**ACTION ITEM**
Beginning with the line containing "The Stag Linthorpe", transcribe every line exactly down to the last one in the records below, and drop the pictures.

(Records contained in a dataset)
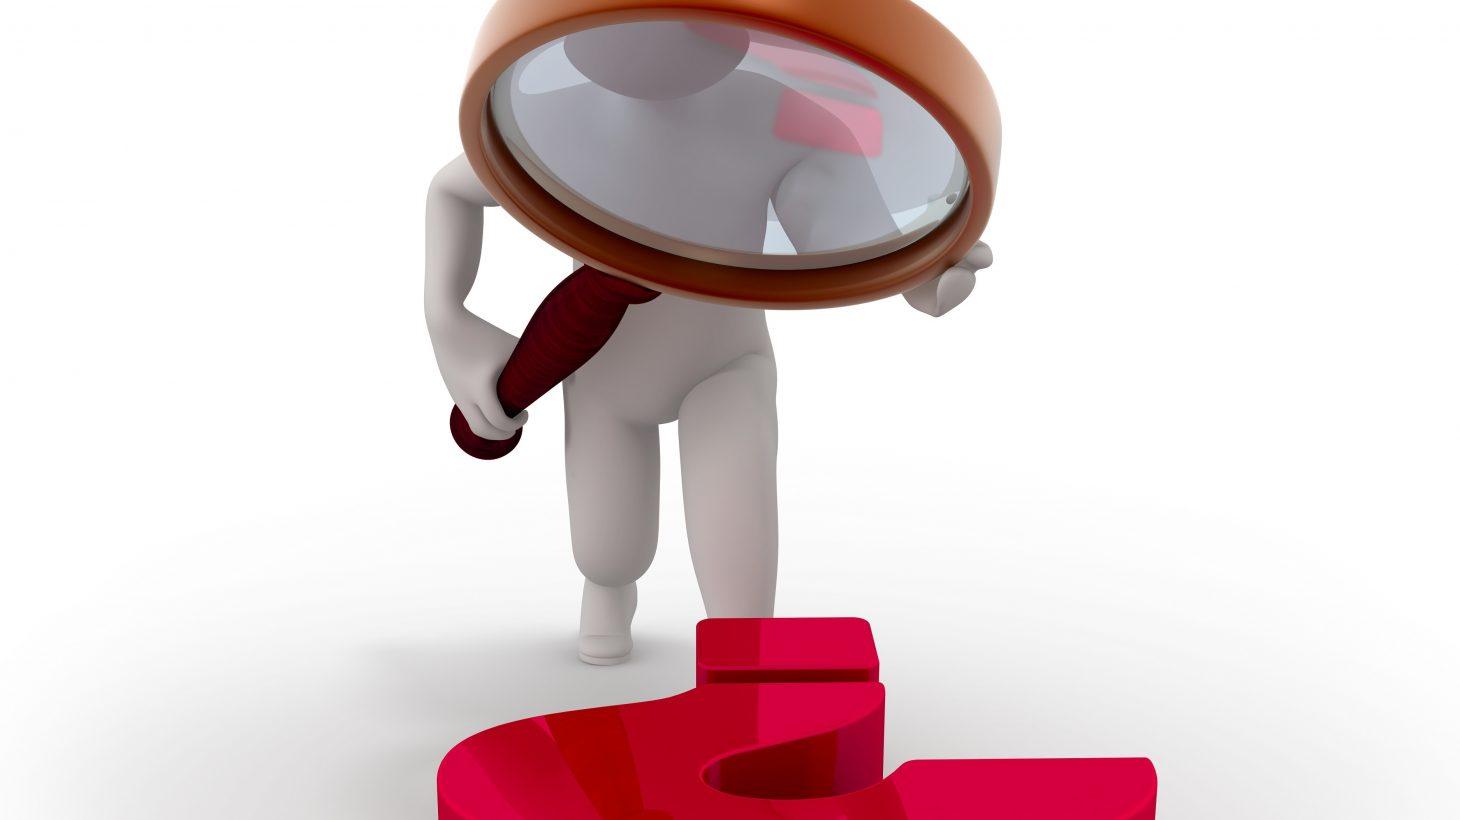 3D-tecknad människa tittar på frågetecken med förstoringsglas.
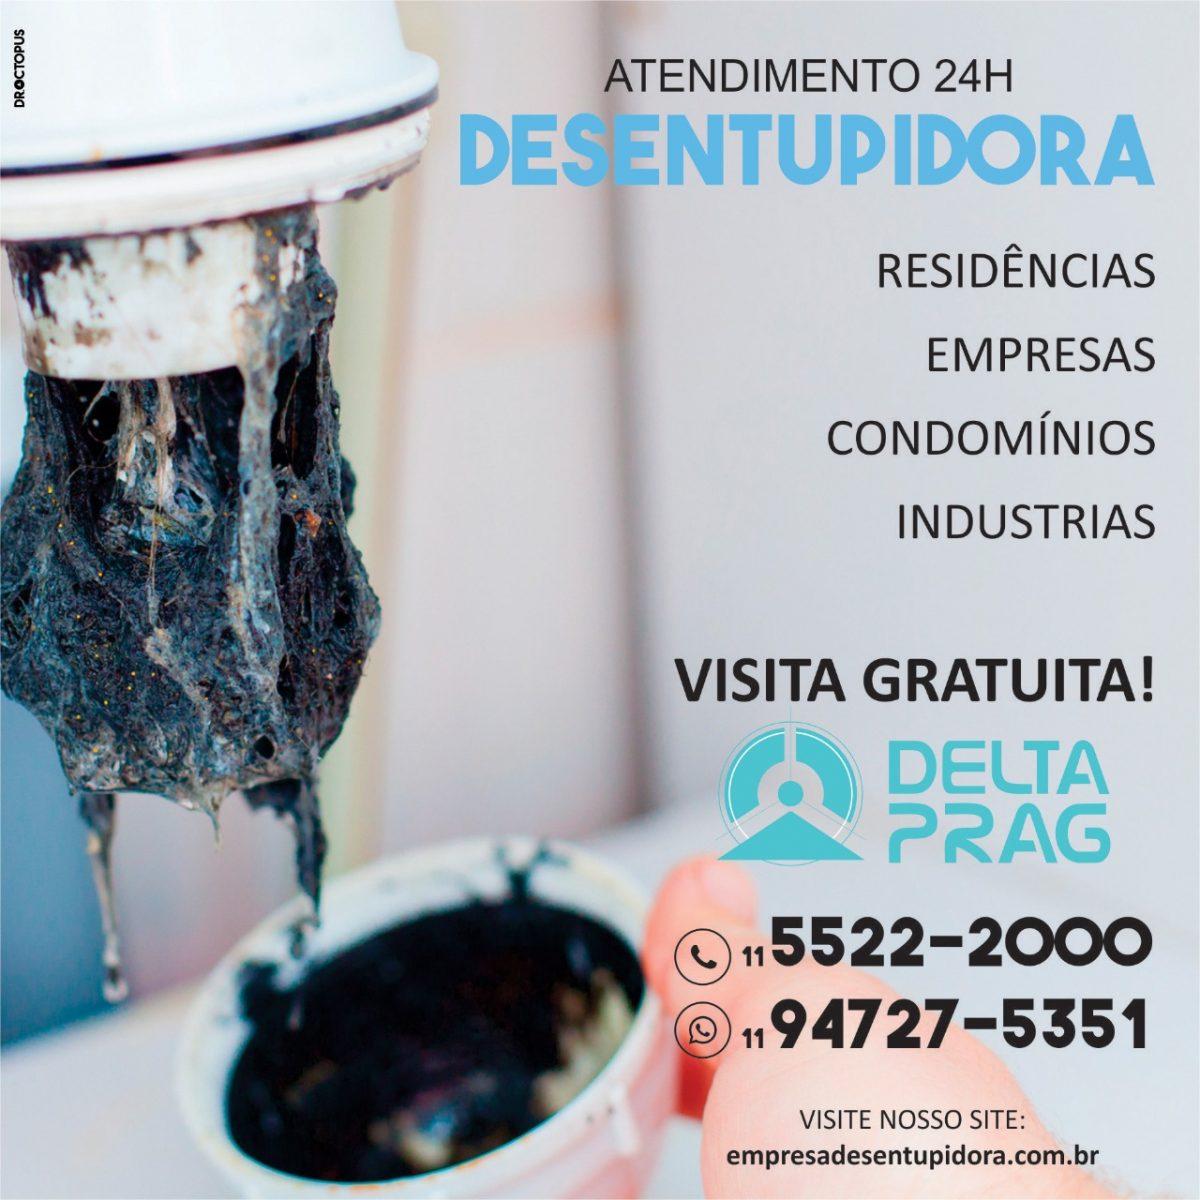 empresadesentupidora.com.br
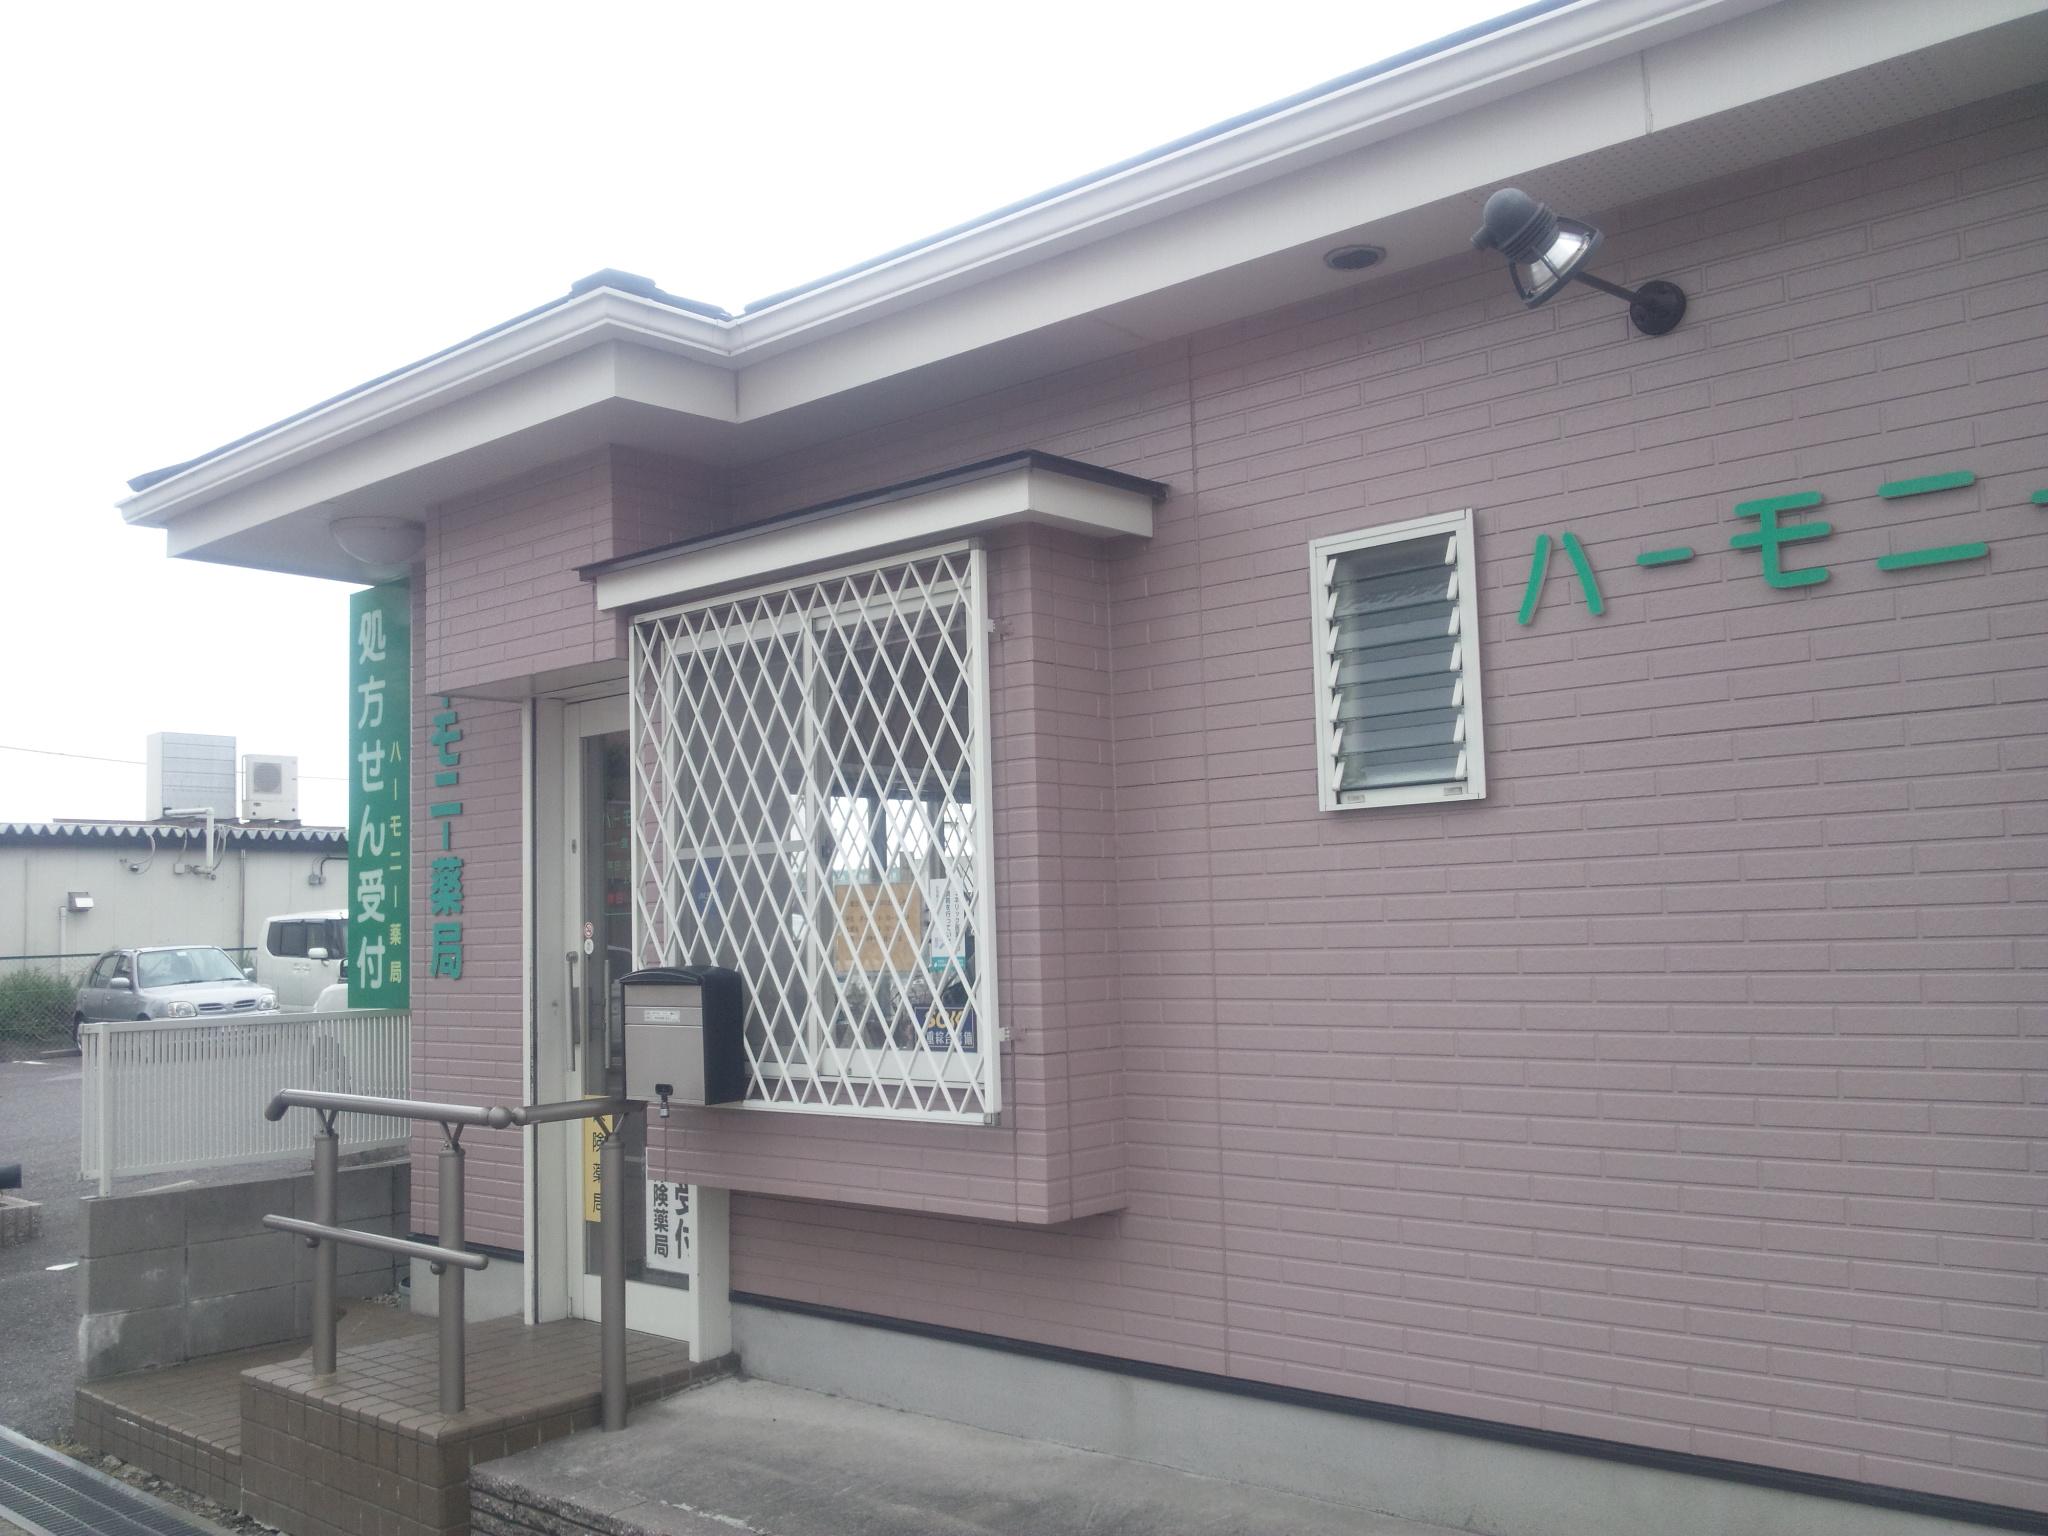 ハーモニー薬局の外観(右側より)
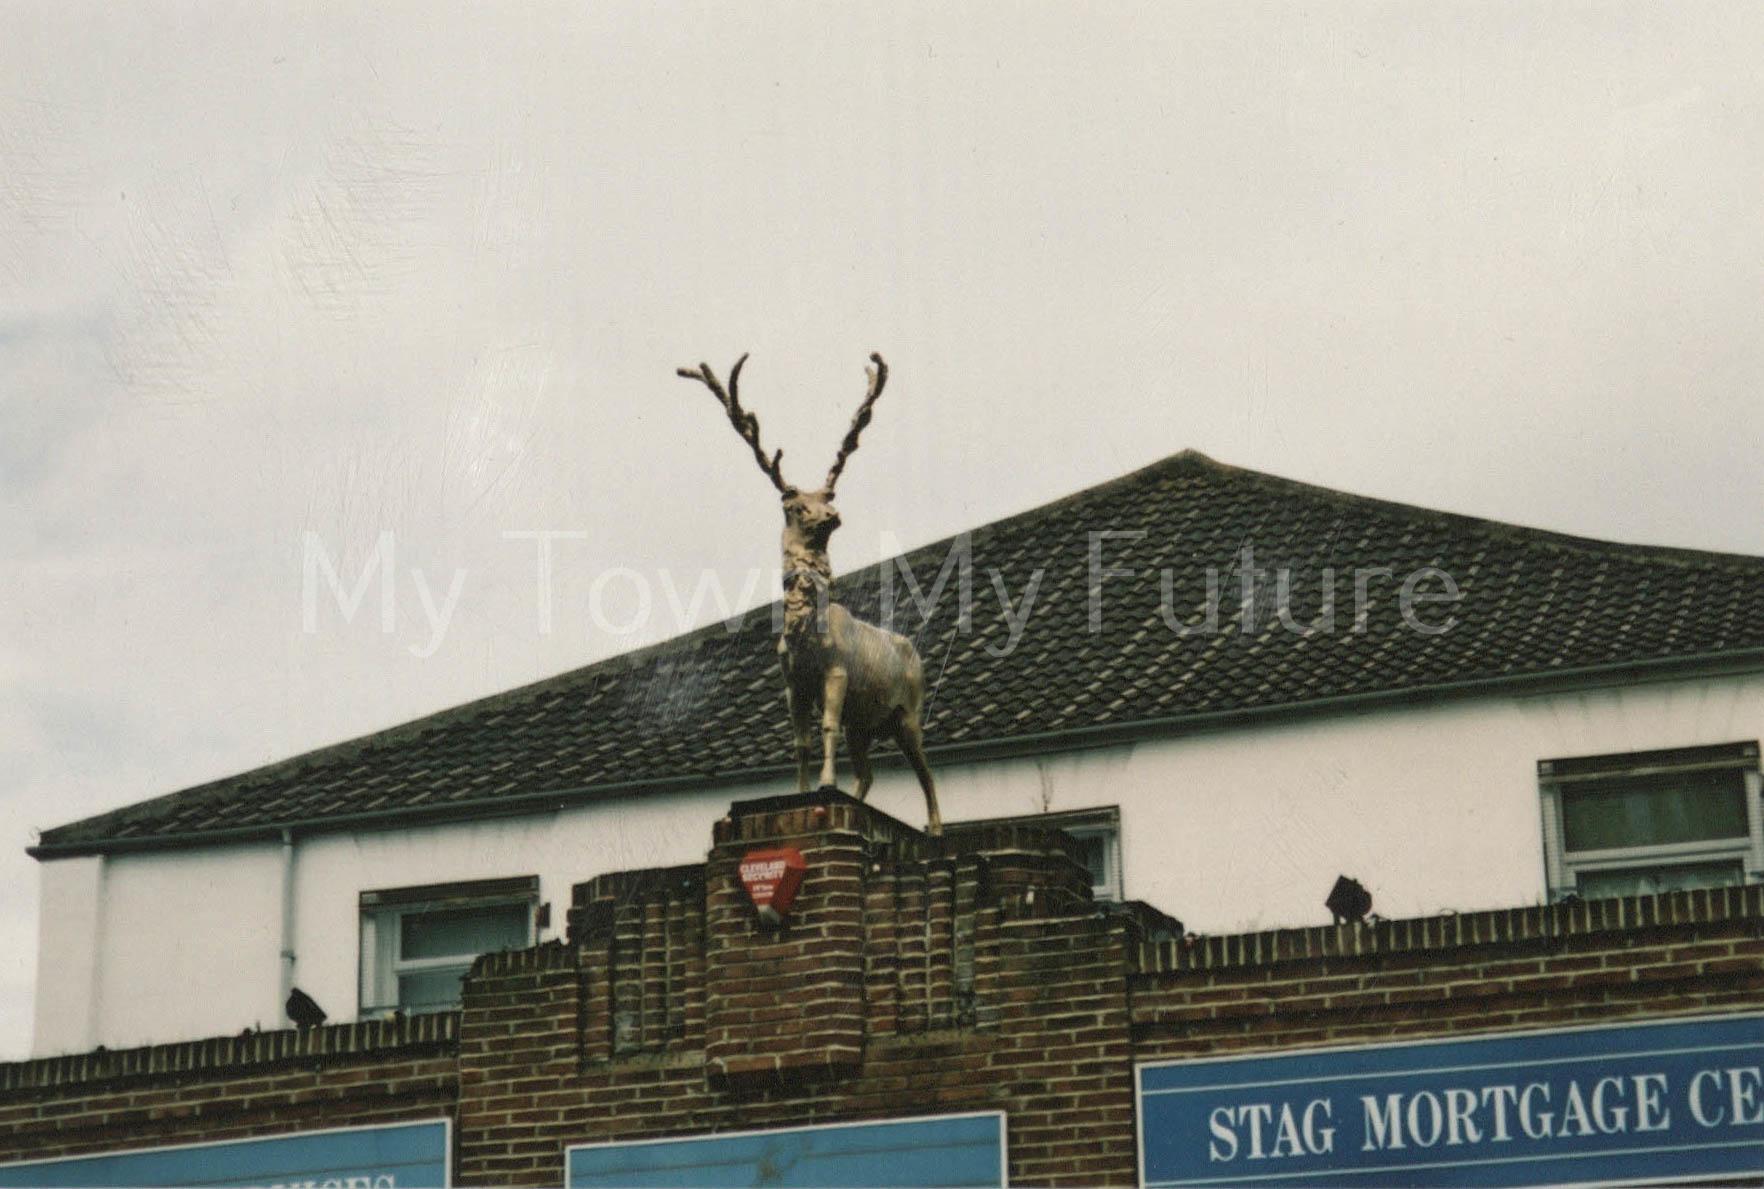 The Stag Linthorpe Village, 2001, Paul Stephenson
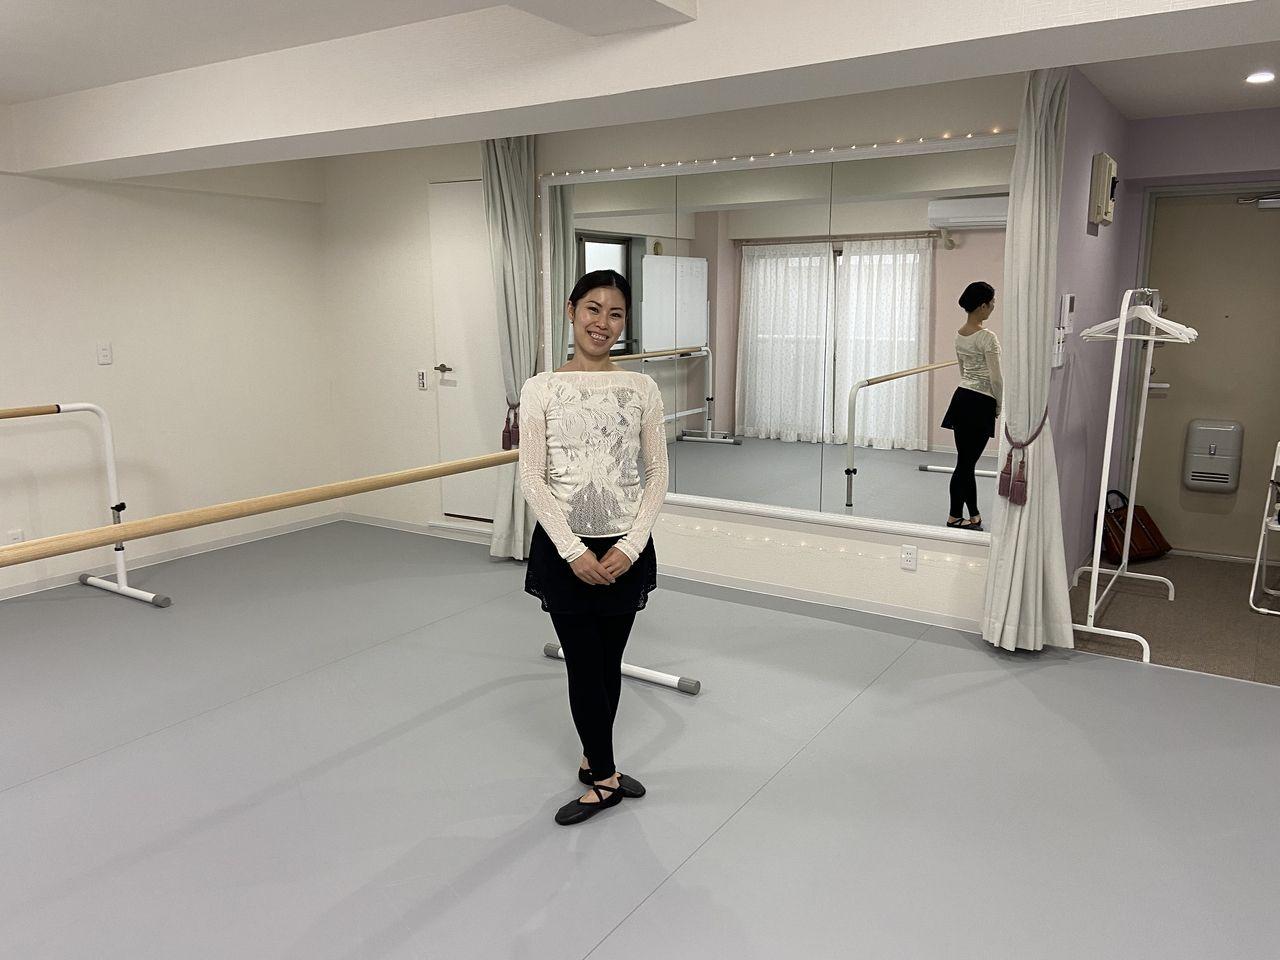 シルエット バレエ スタジオ/SILHOUETTE-STUDIO

**YOUR SOLUTION**
 The Stag Linthorpe Village, 2001, Paul Stephenson
 シルエット バレエ スタジオ/SILHOUETTE-STUDIO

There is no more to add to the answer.